If we read somewhat more empathetically, however, we can see
that Bettelheim is making points with this terminology that should be
uncontroversial. Mostly these points amount to the single observation that children are full of intense and deeply ambivalent feelings about their
parents, their other family members, and the world. They tend to move jarringly between emotional
extremes, with very little time for transition—a product of what George Eliot called the child's “strangely perspectiveless conception of life.” They may love their parents and siblings and
yet feel fierce hatred and jealousy toward them in at a moment's notice. It is not only the strength of these feelings and their mercurial character that makes the child's psychology distinctive-- it is also the fact that children tend to experience their emotions as something that happens to them, as if from outside, rather than as something they do. This can render these emotions quite terrifying. The task of
age-appropriate stories is, first of all, to validate these feelings—to provide
reassurance that they are normal and human and unavoidable-- and thereby reduce the fear associated with them.

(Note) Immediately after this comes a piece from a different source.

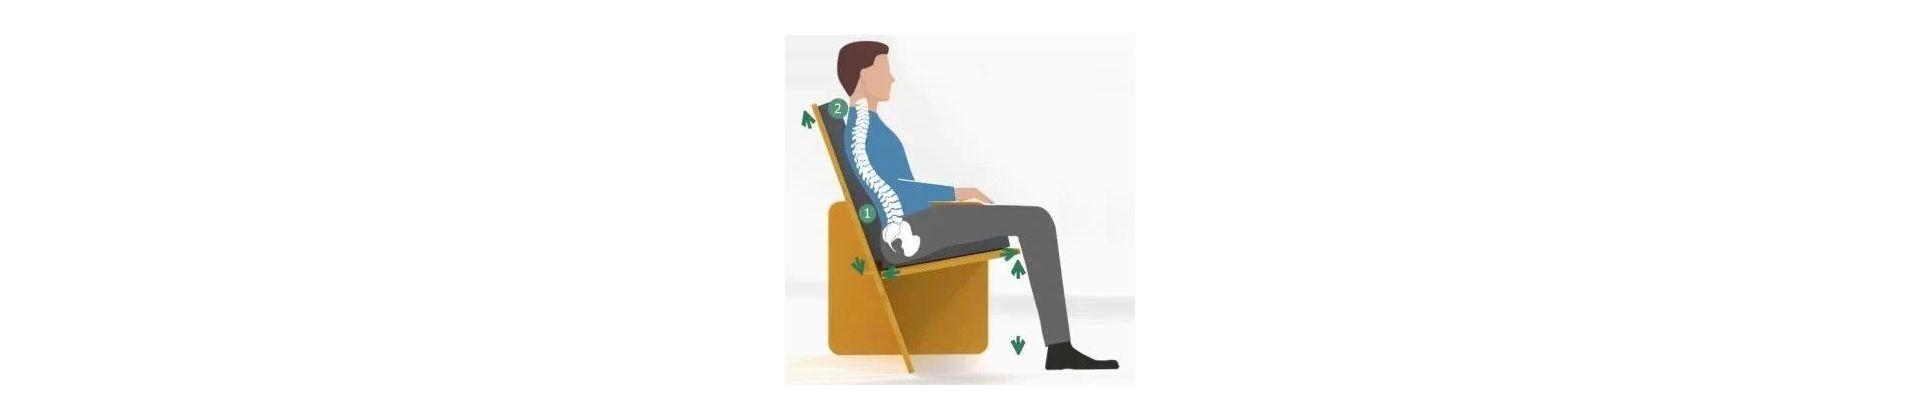 Backcare armchair
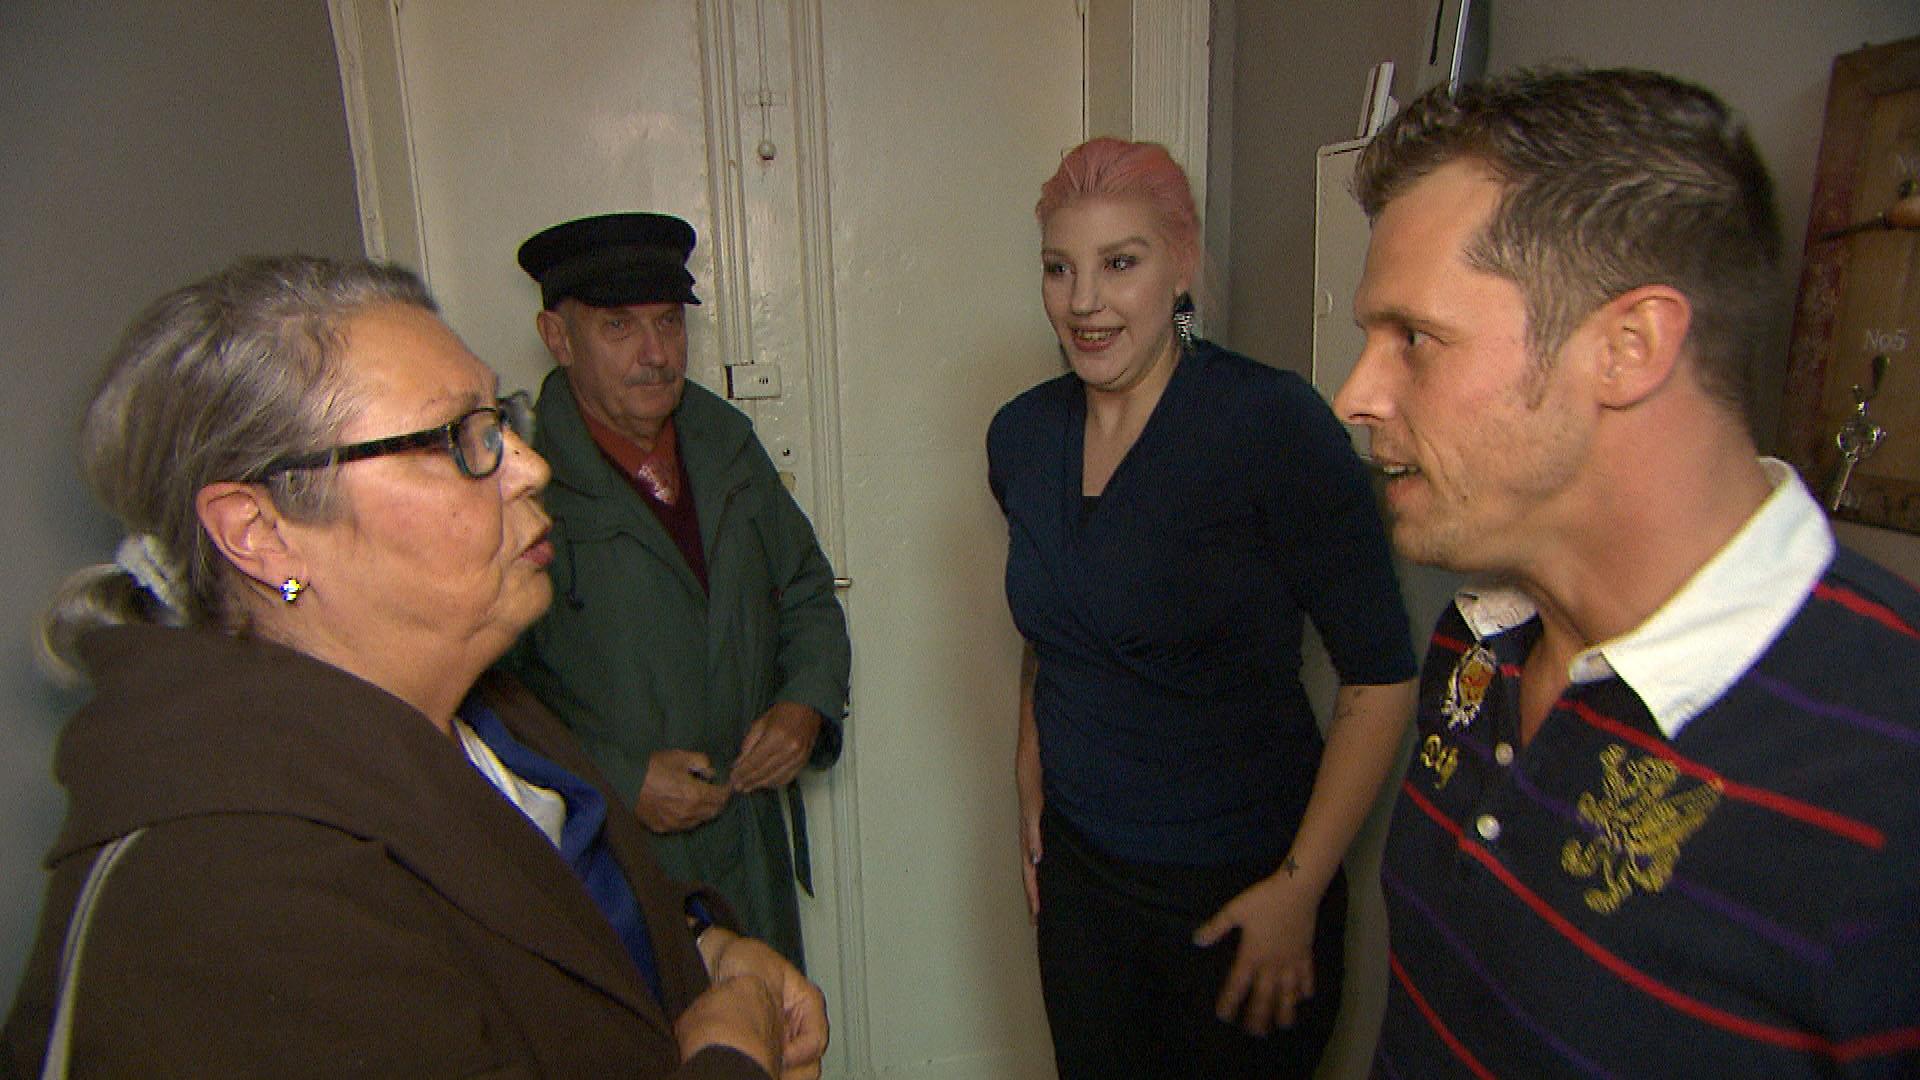 Bevor sich Paulas und Bastis Eltern zum ersten Mal begegnen, ist Basti extrem nervös. v.li.: Paulas Eltern, Paula und Basti (Quelle: RTL 2)

This, thankfully, has become conventional wisdom among a
certain type of parent or educator, but it would not have been for most of
human history. Societies and moral
teachers in the past tended to assume that children ought first to learn to restrain themselves when confronted with
destructive impulses. The task of
validating these impulses, if it came at all, would come only after the more basic
task of mastering them had been completed. This is indeed a more intuitive way of approaching the problem, and no doubt a more effective one among adults capable of self-mastery. For this reason, most religious moral instruction throughout history has focused almost exclusively on commanding self-restraint, and very little on providing reassurance about human imperfections.
Such religious injunctions about self-restraint are important when they concern negative actions, but taken as they often are in the absence
of any validation of negative emotions,
they can be profoundly damaging, especially to children. If one is only ever exposed to “thou shalt
nots,” especially when one is young, then thou shalt have a very impoverished moral life.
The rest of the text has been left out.